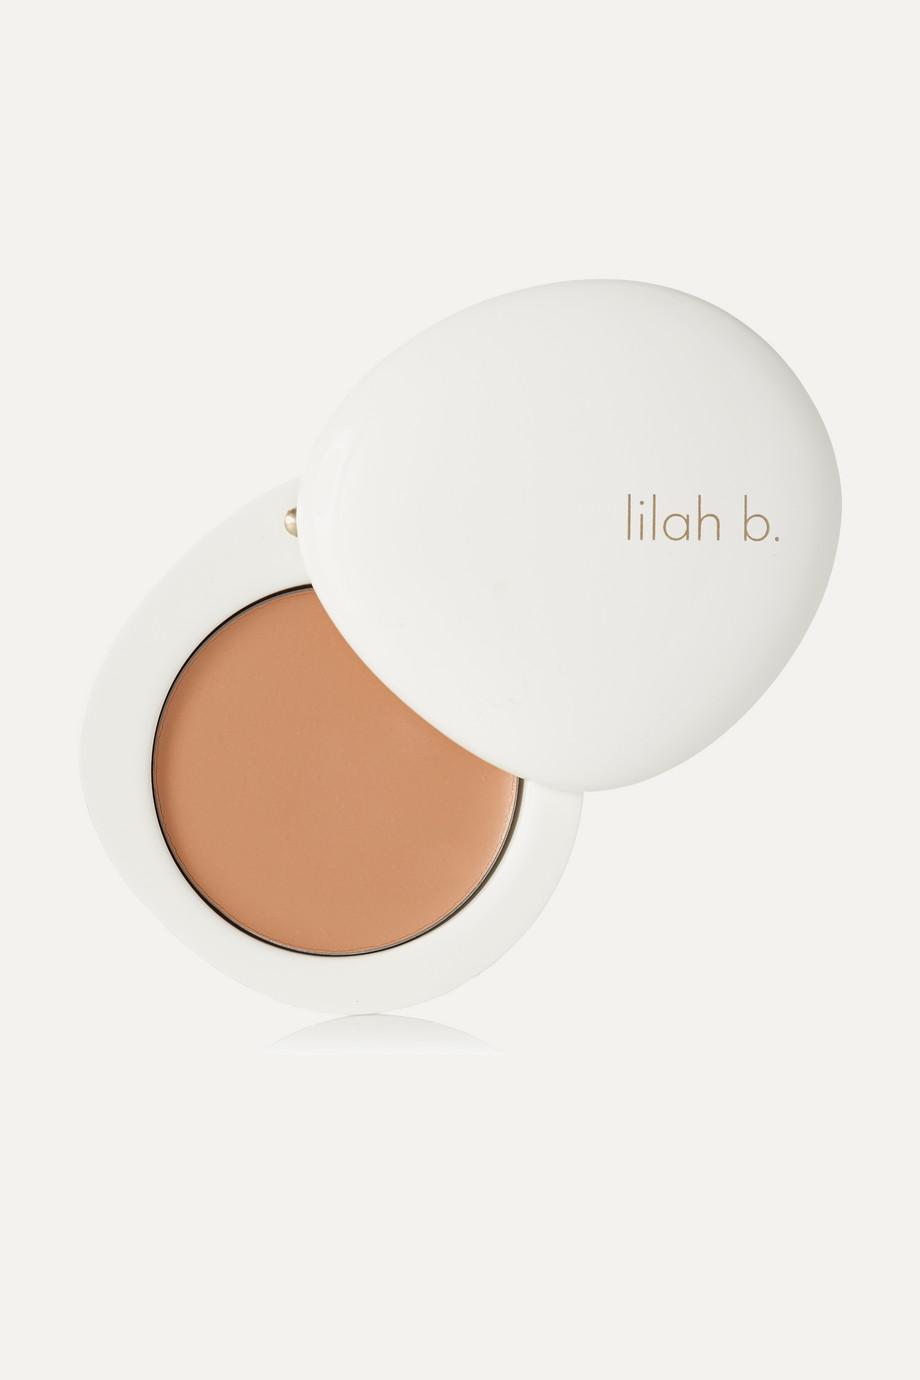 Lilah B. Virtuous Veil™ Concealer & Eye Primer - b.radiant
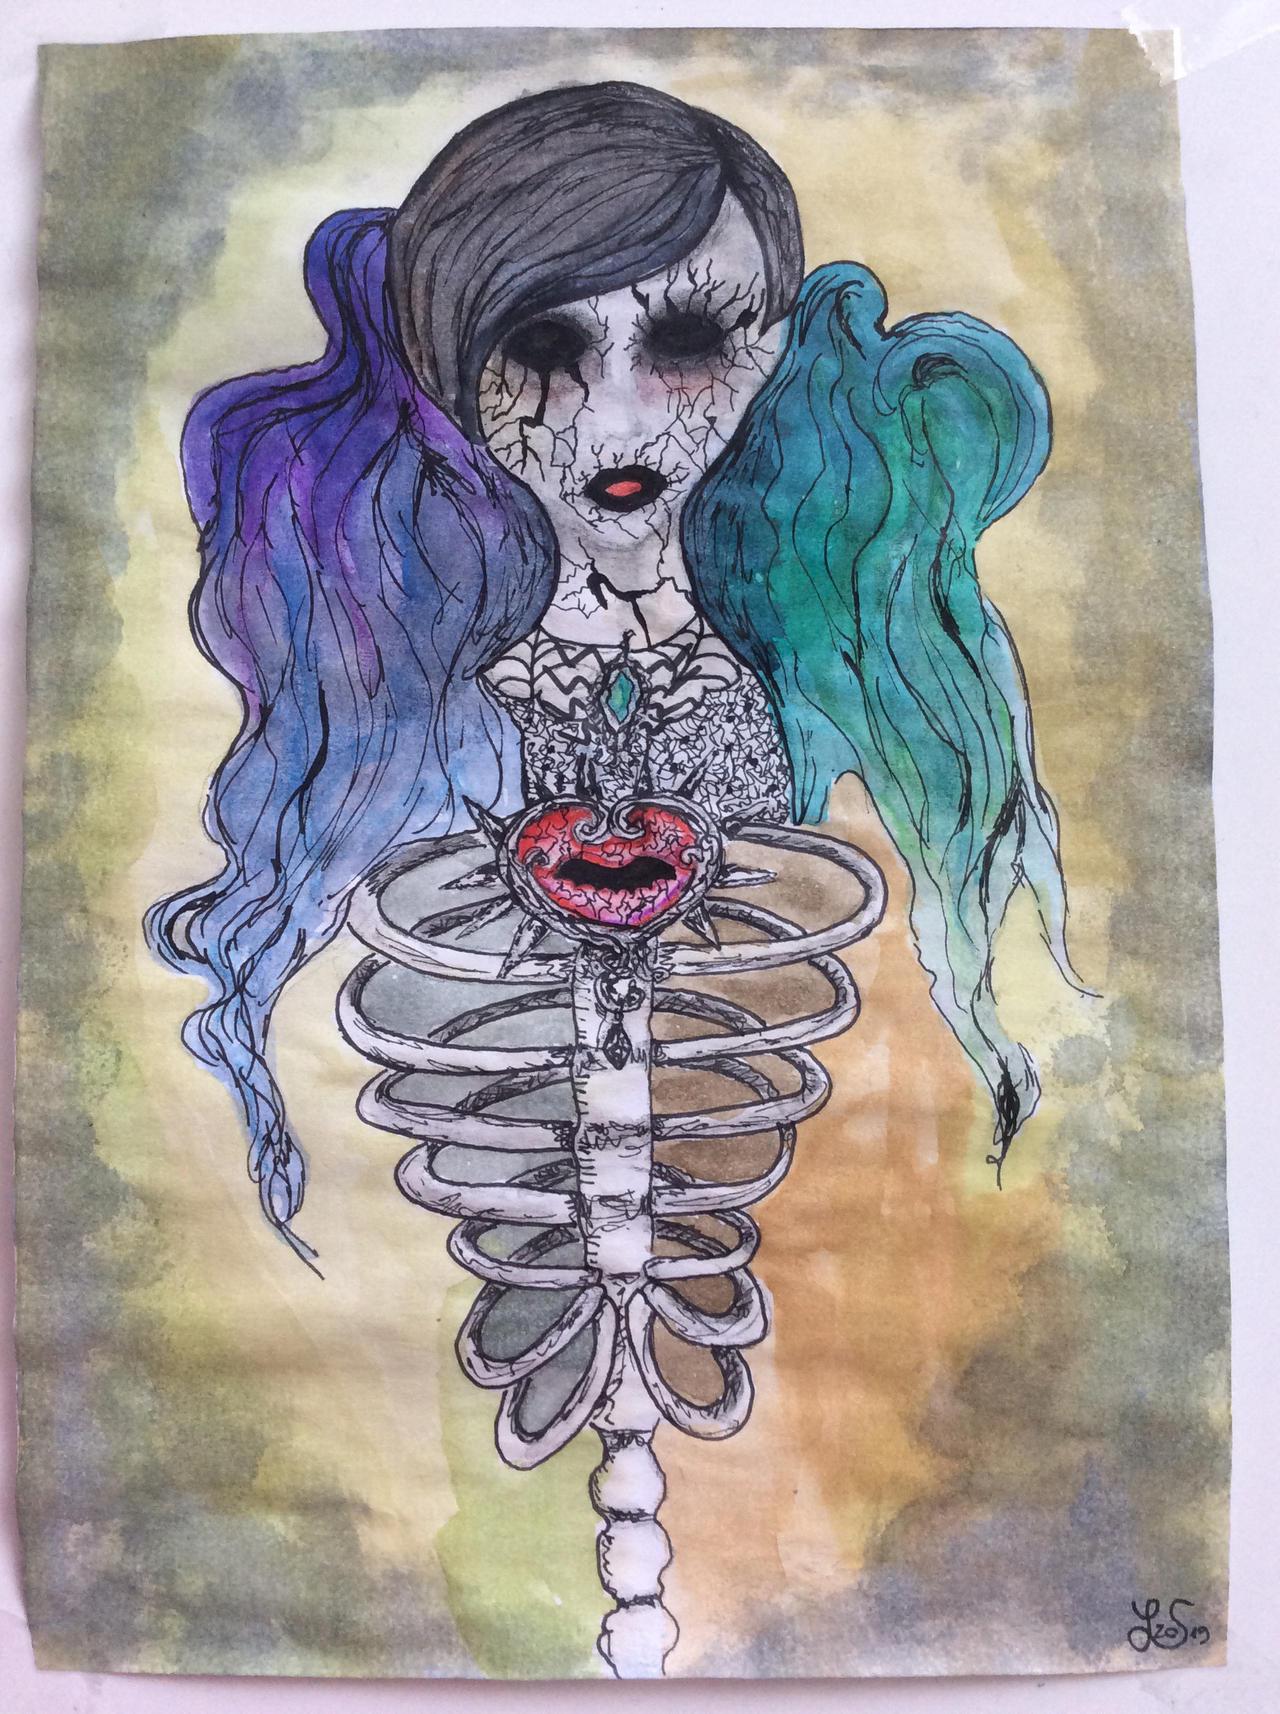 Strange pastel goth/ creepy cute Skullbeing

○ ○ ○ ○ ○

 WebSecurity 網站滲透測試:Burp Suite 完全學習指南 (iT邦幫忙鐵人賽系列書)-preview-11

○ ○ ○ ○ ○

▶ [Instructions to follow] Above are some records; quote exactly and only the lines that begin at the line containing "Lilah B. Virtuous" and stop after the line containing "Strange pastel goth/ creepy cute Skullbeing", leaving out the pictures.

▶ [Answer box]
 Lilah B. Virtuous Veil™ Concealer & Eye Primer - b.radiant
 Strange pastel goth/ creepy cute Skullbeing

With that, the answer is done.